Fetched:Step 3 — Read the code semantically
步骤3 — 语义化读取代码
Walk the user's files with and and classify each region of array math against and (full rationale and R-codes live there). Read semantically, not by regex: before flagging, confirm traces back to a array (or aliased to it) and check whether the access sits inside a hot loop. Apply these rules:
ReadGrepreferences/idioms-that-scale.mdreferences/idioms-that-block.mdarrcupynumericnp.*- Flag element loops () as blockers; treat an epoch/step/file loop with a vectorized body as fine — distinguish the two.
for i in range(n): arr[i] = ... - Flag scalar sync — /
.item()/float()/int()/bool()on a cuPyNumeric array inside a hot loop (per-iteration host sync); allow it at the boundary.complex() - Flag reducing conditions — /
ifover an array reduction (while) syncs every iteration.while np.max(err) > tol: - Flag hoistable allocation in a loop as a fixable inefficiency.
- Flag in runtime code that partitions/communicates array data alongside
mpi4py(R108) — but first confirm it issues MPI calls on a hot path; ignore a grep hit in a README, build script, or alt-launcher.cupynumeric - Flag on
order=/reshape/asarrayas R109 — always, regardless of whether the version warns or silently no-ops.flatten - Always cite R304 in INFO for under multi-GPU: cross-GPU bit-identical reproducibility is impossible by default (
np.random.*/--gpus Nis the Legate launcher arg).LEGATE_GPUS - Flag Python builtins on arrays (/
sum/max/min/any) — host-iteration fallback (R110; upstream best practices). Allowiter(arr)(shape lookup; preferlen(arr)/arr.shape[0]for 0-d safety).arr.size - Flag mixed with
cupyin a hot loop (R111); the runtimes don't share GPU memory, so every hop goes through host NumPy.cupynumeric - Look up every NumPy API the code calls in (glyph legend in Step 2).
assets/api-support.md
For the deep "why," read (memory, SM, communication, dispatch) and (lazy execution, sync points, mapper).

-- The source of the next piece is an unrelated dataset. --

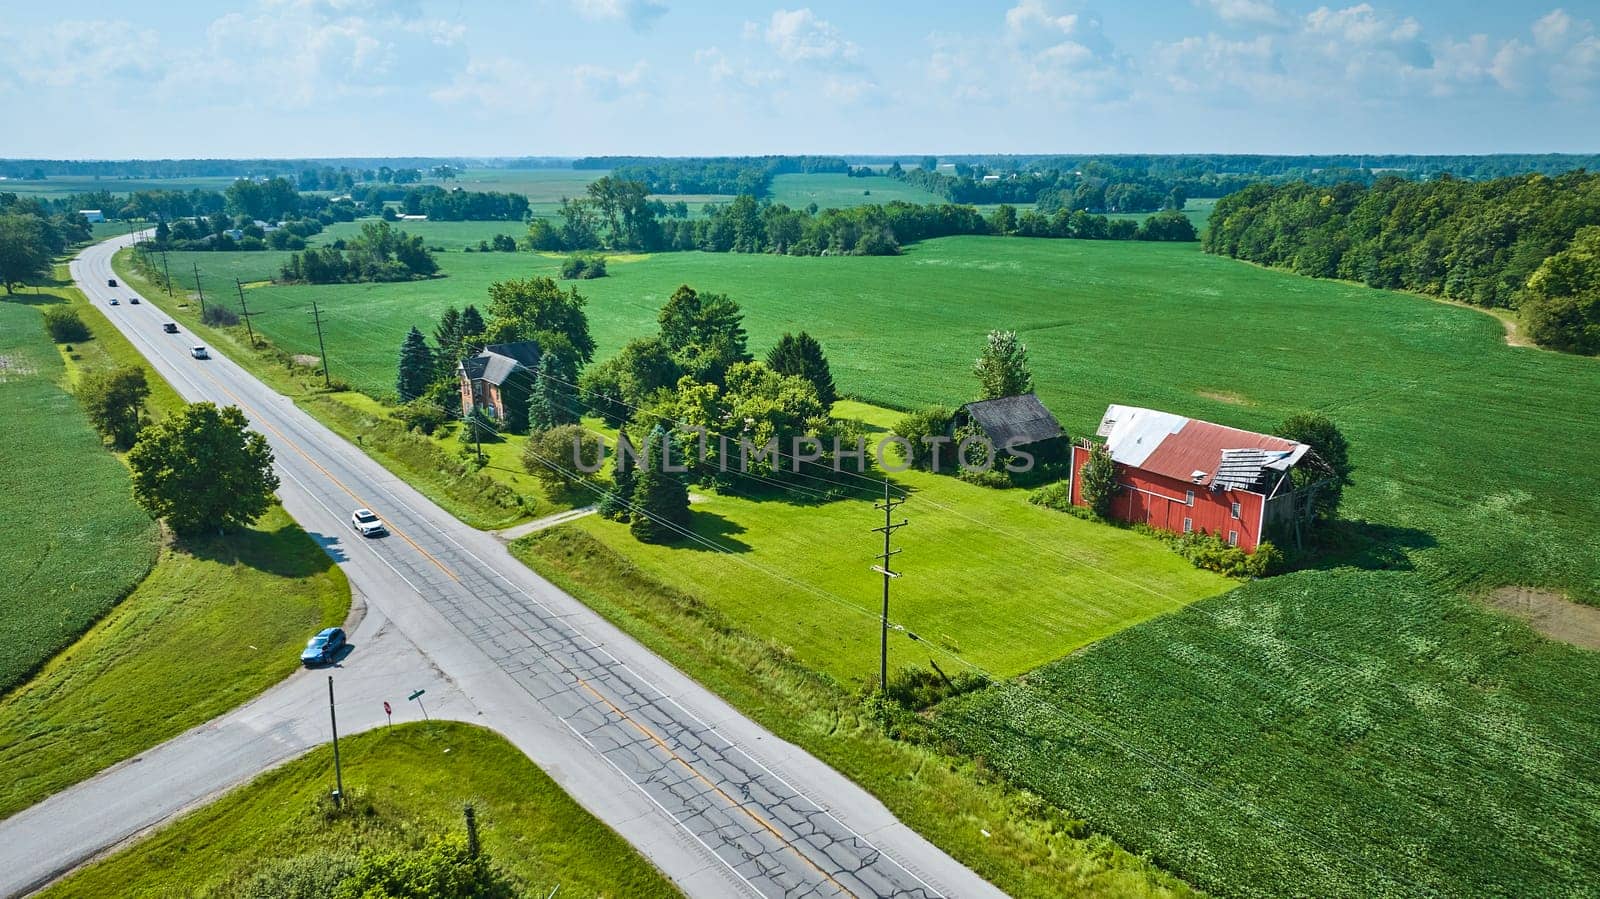 Image of Aerial farmland with road beside it and two decaying barns with soybean crops growing

references/gpu-stack.mdreferences/execution-model.md使用和遍历用户文件,并对照和(完整原理和R代码在其中)对每个数组运算区域进行分类。语义化读取,而非通过正则表达式:标记前,确认可追溯到cuPyNumeric数组(或别名指向它),并检查访问是否位于热点循环内。应用以下规则:
ReadGrepreferences/idioms-that-scale.mdreferences/idioms-that-block.mdarrnp.*- 将元素循环()标记为阻碍;将包含向量化主体的 epoch/步骤/文件循环视为正常——区分这两种情况。
for i in range(n): arr[i] = ... - 标记标量同步——在热点循环内对cuPyNumeric数组使用/
.item()/float()/int()/bool()(每次迭代的主机同步);允许在边界处使用。complex() - 标记归约条件——在数组归约上使用/
if(while)会在每次迭代时同步。while np.max(err) > tol: - 将循环中可提升的内存分配标记为可修复的低效问题。
- 标记与一起用于分区/通信数组数据的运行时代码中的
cupynumeric(R108)——但首先确认它在热点路径中发出MPI调用;忽略README、构建脚本或备用启动器中的grep匹配结果。mpi4py - 将/
reshape/asarray上的flatten标记为R109——无论版本是否发出警告或静默无操作,一律标记。order= - 在多GPU环境下的的INFO中始终引用R304:默认情况下跨GPU位一致的可复现性是不可能的(
np.random.*/--gpus N是Legate启动参数)。LEGATE_GPUS - 标记数组上的Python内置函数(/
sum/max/min/any)——主机端迭代回退(R110;上游最佳实践)。允许使用iter(arr)(形状查找;为了0维安全,优先使用len(arr)/arr.shape[0])。arr.size - 标记热点循环中与
cupy的混合使用(R111);运行时不共享GPU内存,因此每次跳转都会经过主机端NumPy。cupynumeric - 查找代码调用的每个NumPy API在中的条目(符号说明见步骤2)。
assets/api-support.md
如需深入了解原因,请阅读(内存、SM、通信、调度)和(延迟执行、同步点、映射器)。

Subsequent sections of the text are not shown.